According to GEO, it manages and operates a detention center with 130 beds but which “can house up to 500 detainees in the event of a surge.” According to the contract, “This dynamic population may consist of single adult males and females, unaccompanied male and female juveniles, and family groups of various nationalities and security levels.” Under the terms of the contract, which was renewed for a five-year period in November 2006, “GEO is responsible for providing all staff, supplies, and equipment to manage and operate the center.”

The 2003 contract was arranged, according to GEO, “at the emergency request of ICE in 2003″ and offered the company “a unique opportunity.” Since responding positively to that emergency request, GEO says that it has “been successfully working with ICE in this unique environment and has developed professional working relationships with all of the federal agencies involved in the operation of the MOC.”

GEO is the company that also runs the largest privately run detention center–and also probably its worst–in Pecos, Texas. As Tom Barry reported last year, the Reeves County Detention Complex has been the site of two recent riots, several suicides, and numerous deaths from inadequate health care. Is this what awaits refugees from the Haitian earthquake?

Back in the 1990s, there was an outcry against the conditions for Haitian refugees at Guantanamo, especially a group of about 150 who had HIV. It was during this period that Bill Clinton set the stage for George W. Bush’s Guantanamo by asserting that anyone held there did not have any legal rights. As Brandt Goldstein pointed out in Slate in 2005:

We sometimes forget that during the Clinton presidency, the United States ran an extralegal detention camp on Guantanamo—and went to federal court to defend its right to do so. The camp during the Clinton years was by no means the nightmarish operation it is now; certainly, there weren’t allegations of torture. But Guantanamo under Clinton produced its own share of suffering and abuses—and perhaps most important for today, the court decision that shut it down was eventually wiped off the books, thanks to legal maneuvers by the Clinton Justice Department.

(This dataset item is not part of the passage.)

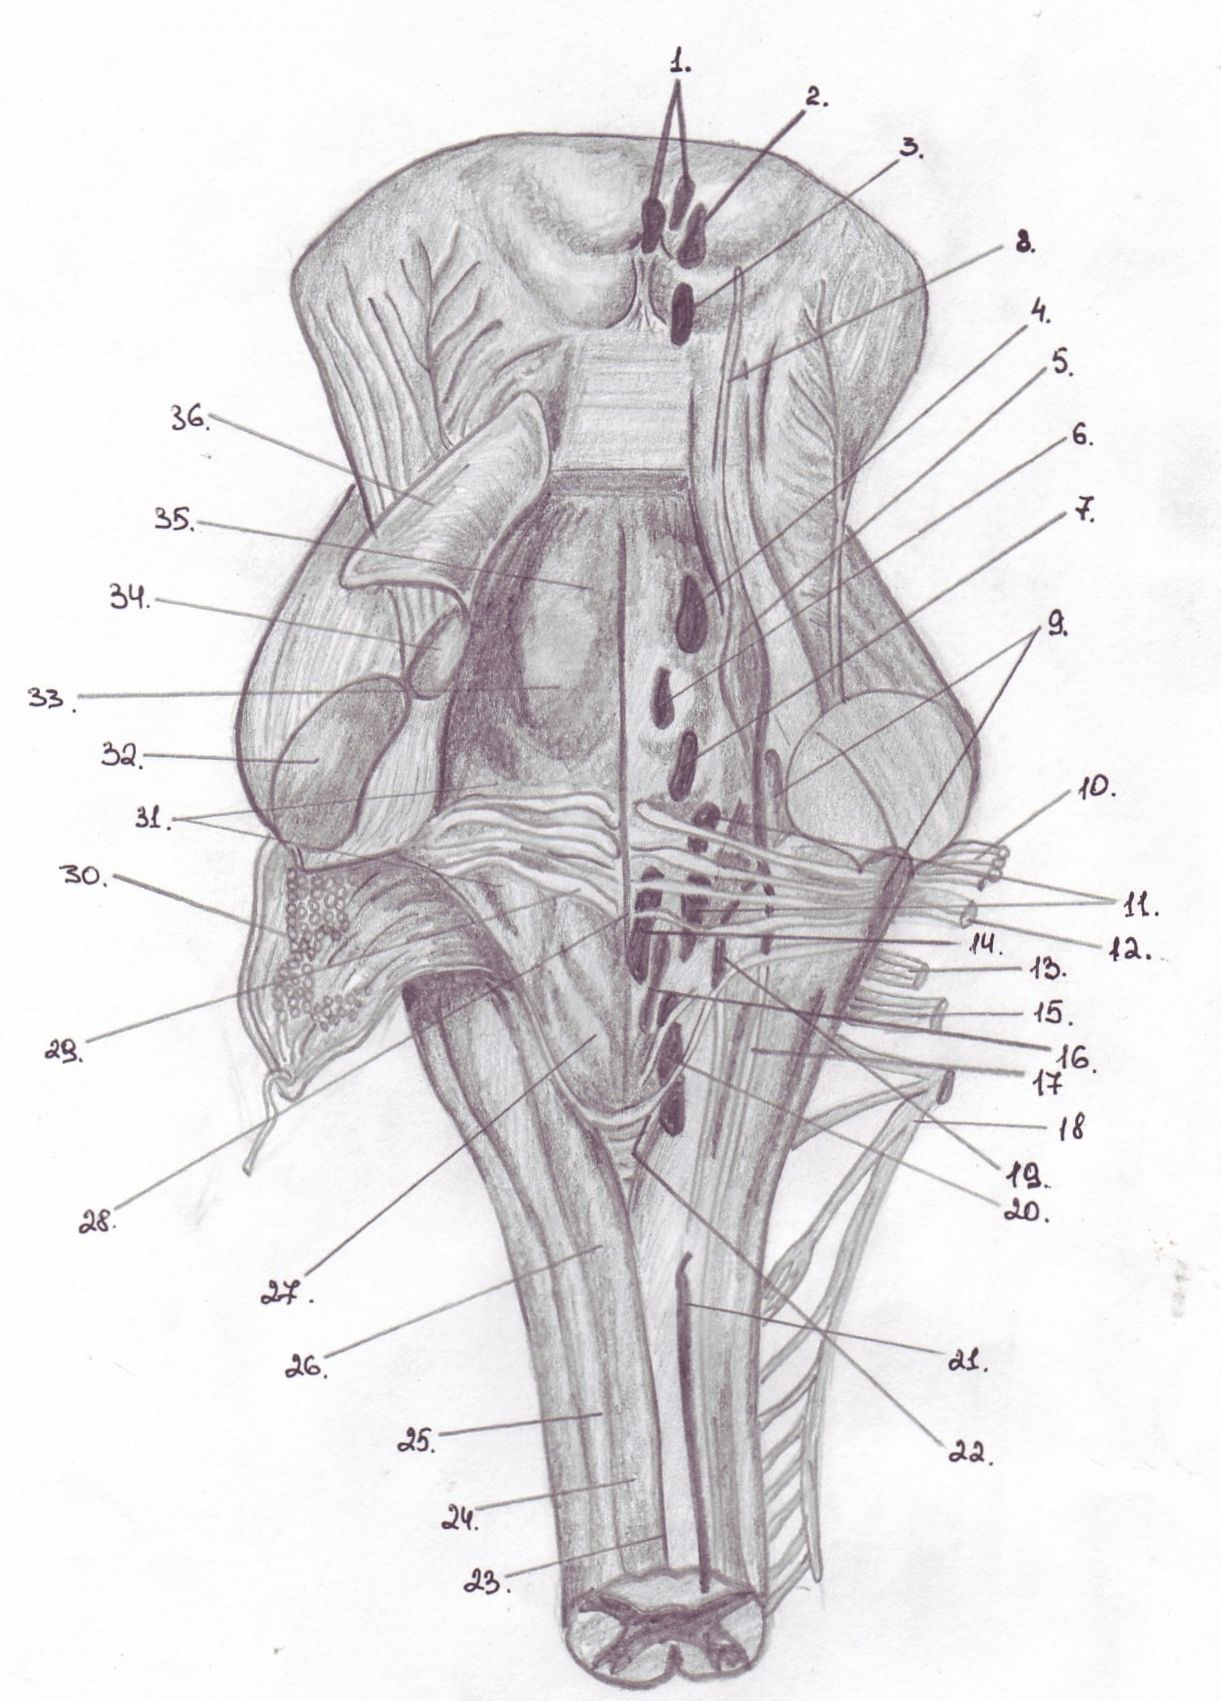 Ромбовидная ямка черепные нервы. Ромбовидная ямка мозга. Дорсальная поверхность продолговатого мозга. Ядра черепных:нервов 4 желудочек. Проекция ядер черепно-мозговых нервов на ромбовидную ямку.

Some of the refugees who fled Haiti back in the early 1990s were eventually treated as asylum-seekers and admitted to the United States. But in 1994, with Haiti supposedly stabilized, the Clinton administration began shipping them home. And according to a 2005 report cited by Fox News, the George W. Bush administration maintained that admitting Haitian refugees might “encourage other Haitians to embark on the risky sea travel and potentially trigger a mass asylum from Haiti to the United States.”

So unless the current administration reverses policy once again, any Haitians who might be taken to Guantanamo could be there for a while. This surely was not what Obama had in mind when he made his campaign promise to close the notorious prison camp.